Recorded information below:

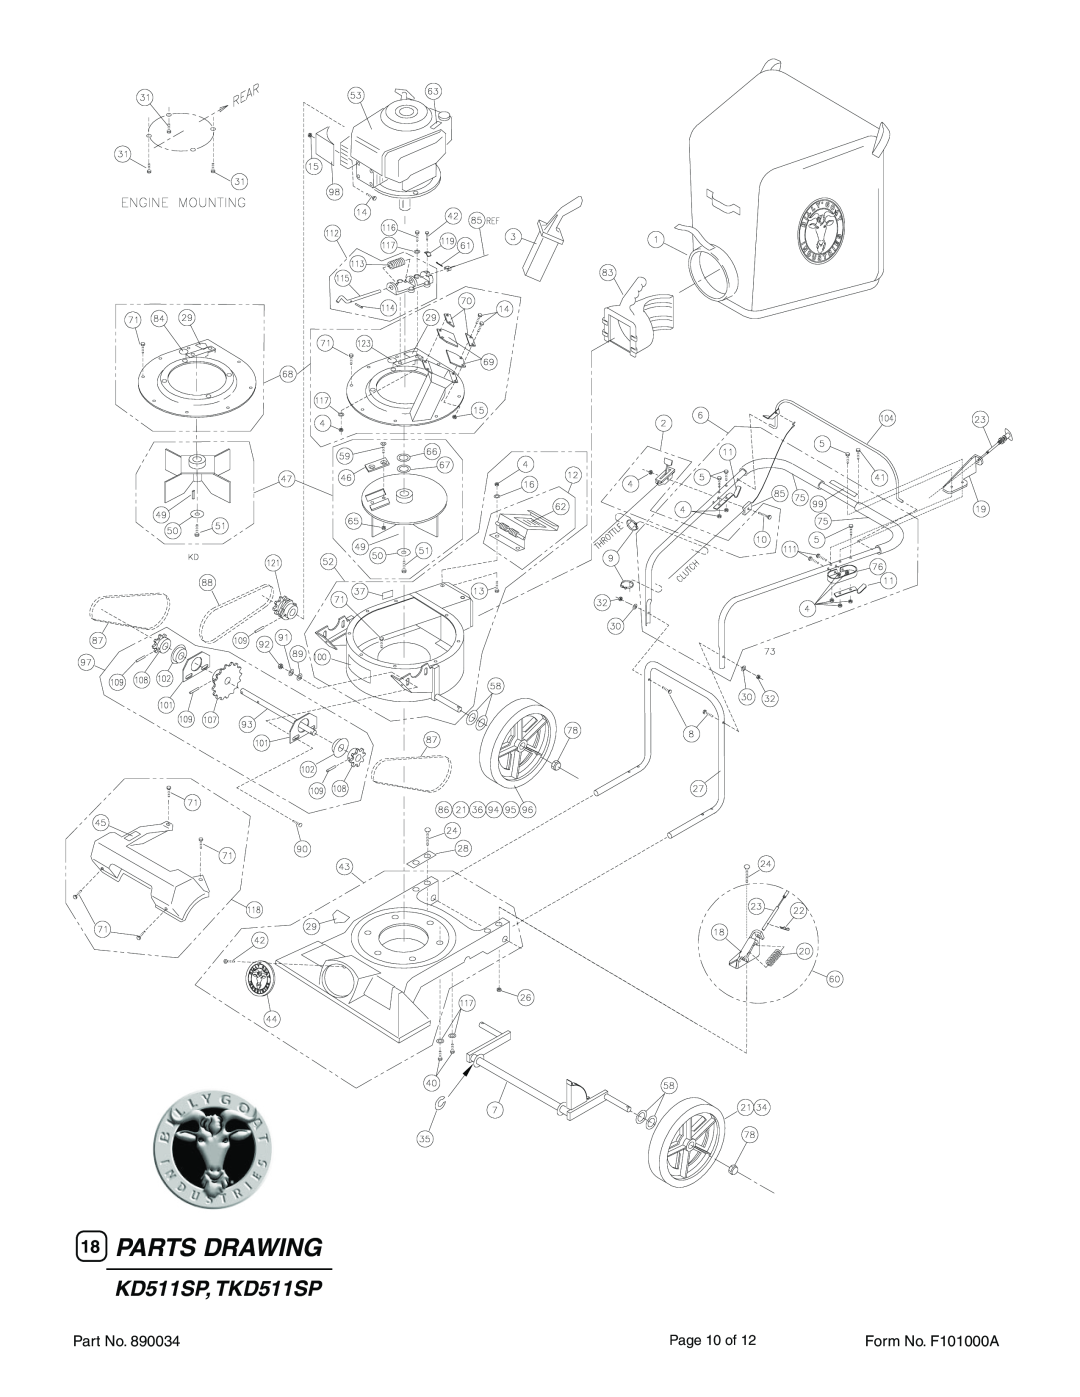 Billy Goat KD511SP, TKD511SP specifications Parts Drawing 
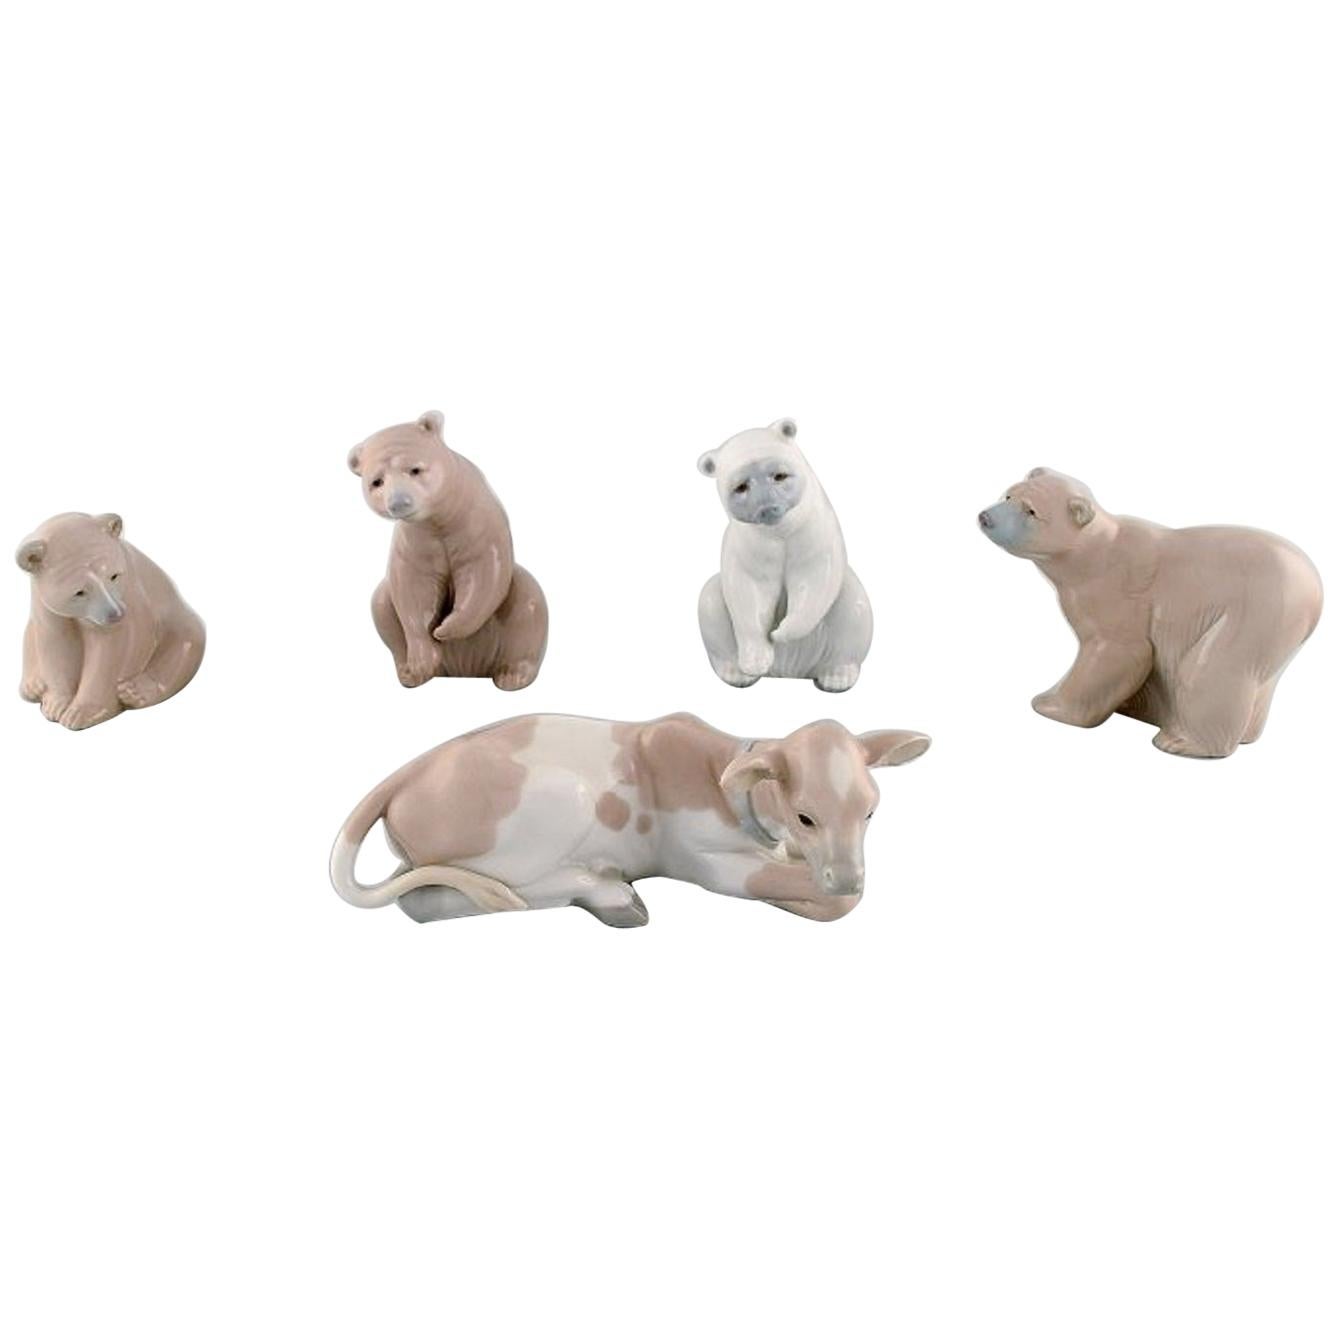 Lladro, Spain, Five Porcelain Figurines, Four Bears and a Calf, 1980s-1990s
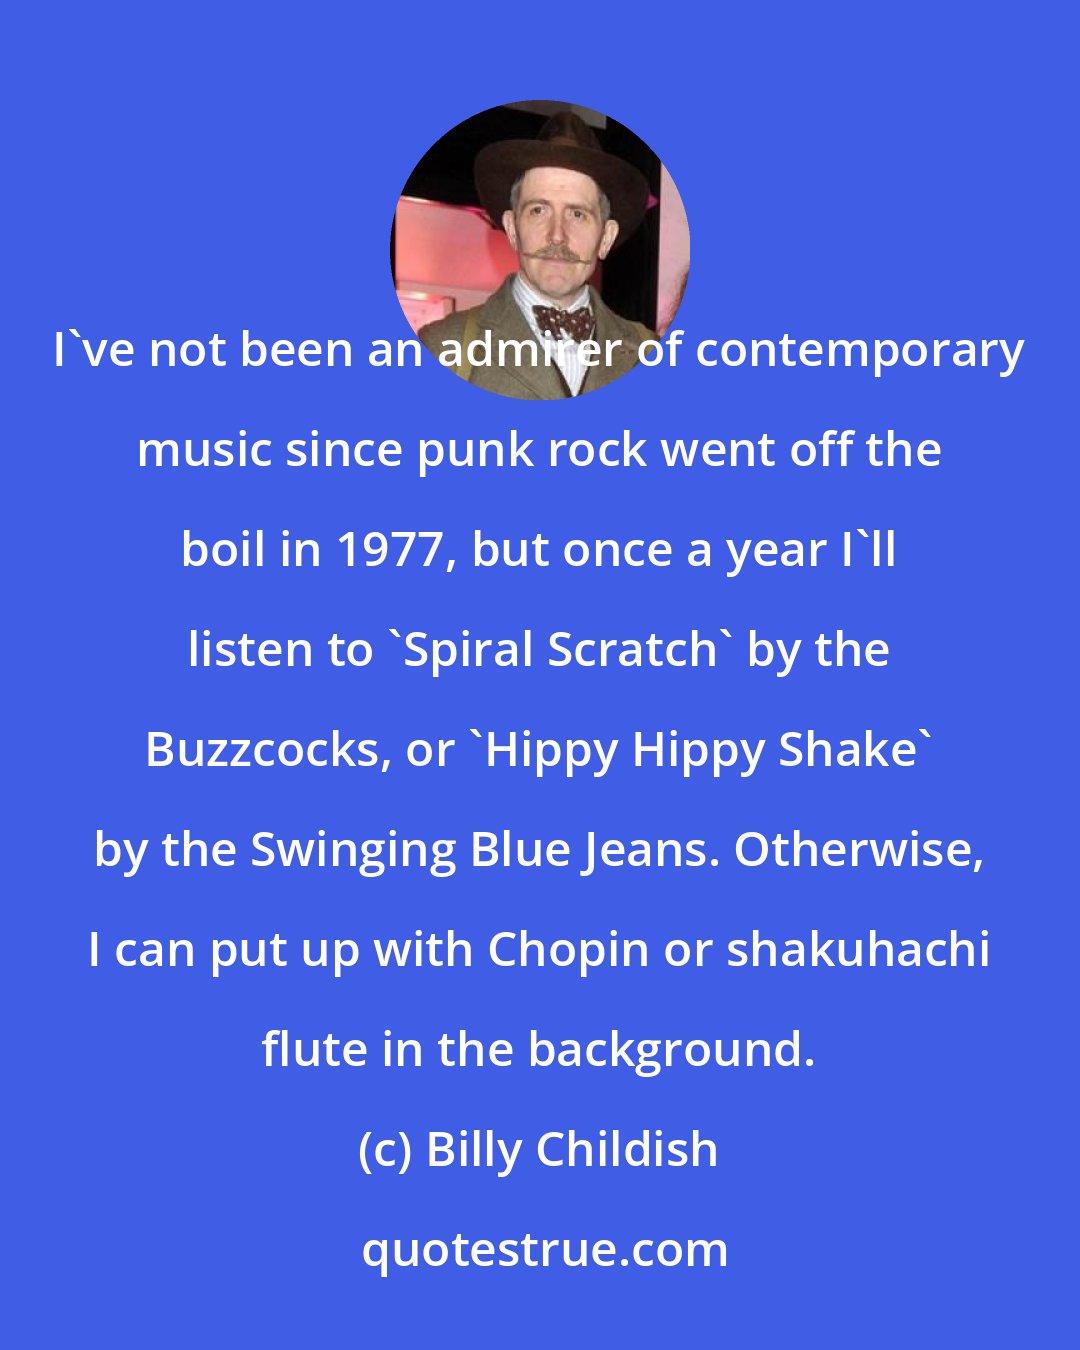 Billy Childish: I've not been an admirer of contemporary music since punk rock went off the boil in 1977, but once a year I'll listen to 'Spiral Scratch' by the Buzzcocks, or 'Hippy Hippy Shake' by the Swinging Blue Jeans. Otherwise, I can put up with Chopin or shakuhachi flute in the background.
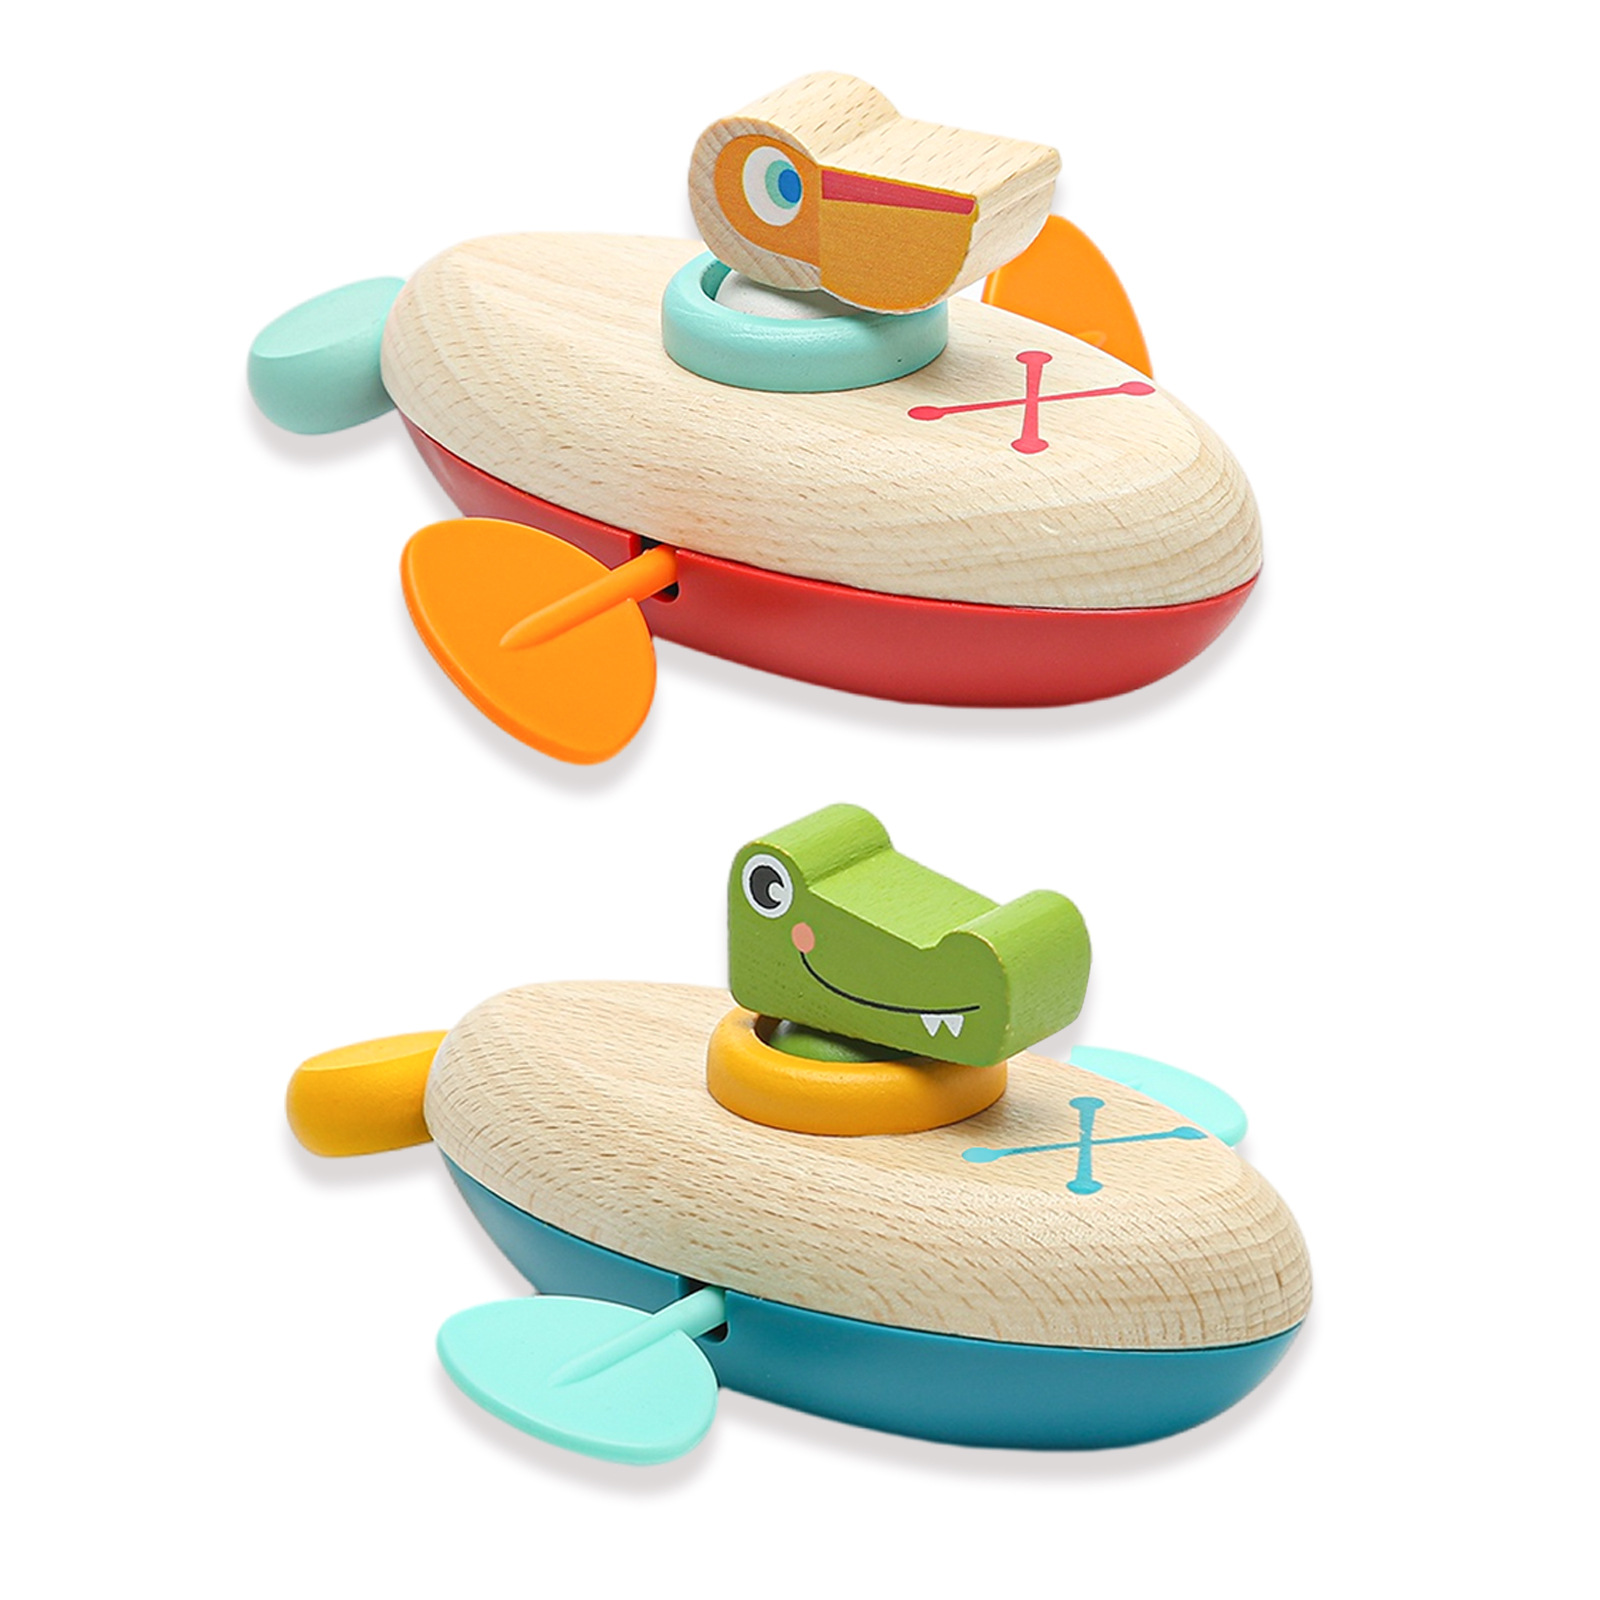 Wooden Sailing Boat With Crocodile Bath And Water Play Toy $6.84

End of Recorded information.

Task objective>
An exact copy is needed of the lines running from the one containing "Lladro, Spain, Five" through the last line of the material, and of no others; pictures stay out.

Task output>
 Lladro, Spain, Five Porcelain Figurines, Four Bears and a Calf, 1980s-1990s
 Billy Childish: I've not been an admirer of contemporary music since punk rock went off the boil in 1977, but once a year I'll listen to 'Spiral Scratch' by the Buzzcocks, or 'Hippy Hippy Shake' by the Swinging Blue Jeans. Otherwise, I can put up with Chopin or shakuhachi flute in the background.
 Wooden Sailing Boat With Crocodile Bath And Water Play Toy $6.84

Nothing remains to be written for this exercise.